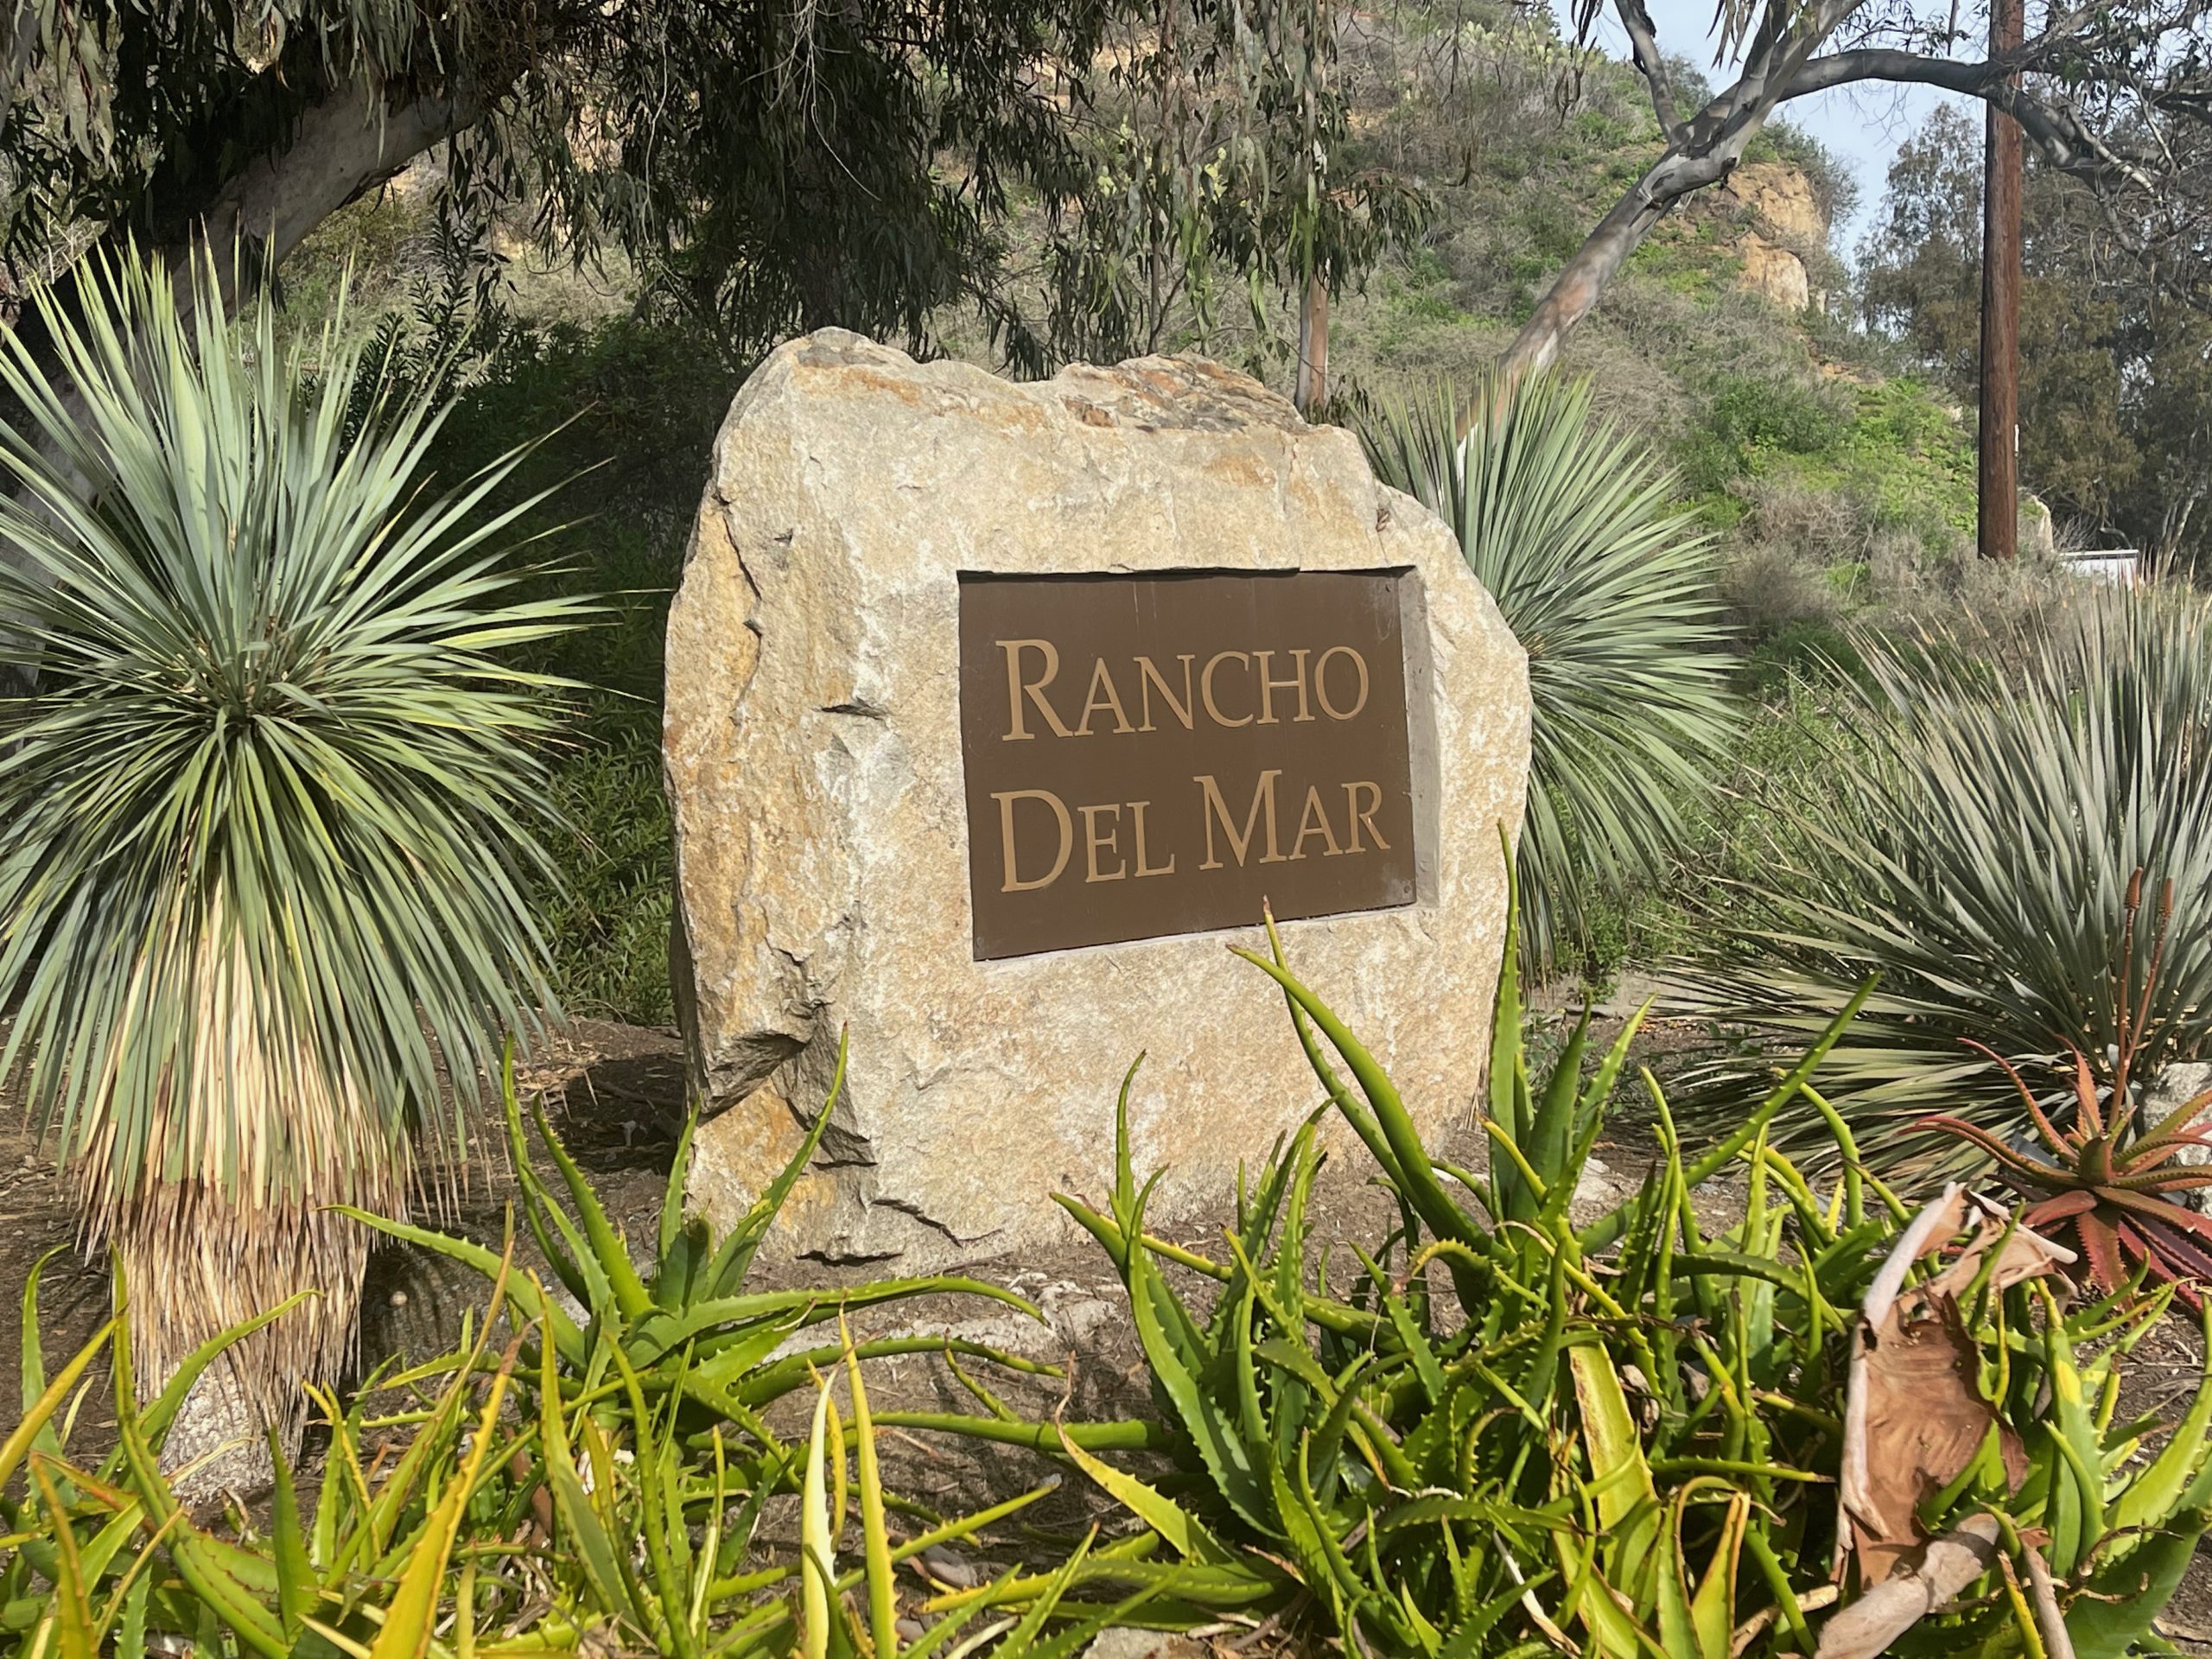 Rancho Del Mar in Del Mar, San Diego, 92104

==

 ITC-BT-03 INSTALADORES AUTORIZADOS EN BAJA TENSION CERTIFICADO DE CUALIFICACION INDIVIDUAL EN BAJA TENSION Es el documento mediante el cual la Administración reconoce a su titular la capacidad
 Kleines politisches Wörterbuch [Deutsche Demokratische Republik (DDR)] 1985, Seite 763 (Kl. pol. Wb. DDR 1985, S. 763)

● **Assigned task**:
Would you retype the lines above from the one with "ITC-BT-03 INSTALADORES AUTORIZADOS" down to the one with "Kleines politisches Wörterbuch", word for word, both ends included and no other lines?

● **Result of this exercise**:
 ITC-BT-03 INSTALADORES AUTORIZADOS EN BAJA TENSION CERTIFICADO DE CUALIFICACION INDIVIDUAL EN BAJA TENSION Es el documento mediante el cual la Administración reconoce a su titular la capacidad
 Kleines politisches Wörterbuch [Deutsche Demokratische Republik (DDR)] 1985, Seite 763 (Kl. pol. Wb. DDR 1985, S. 763)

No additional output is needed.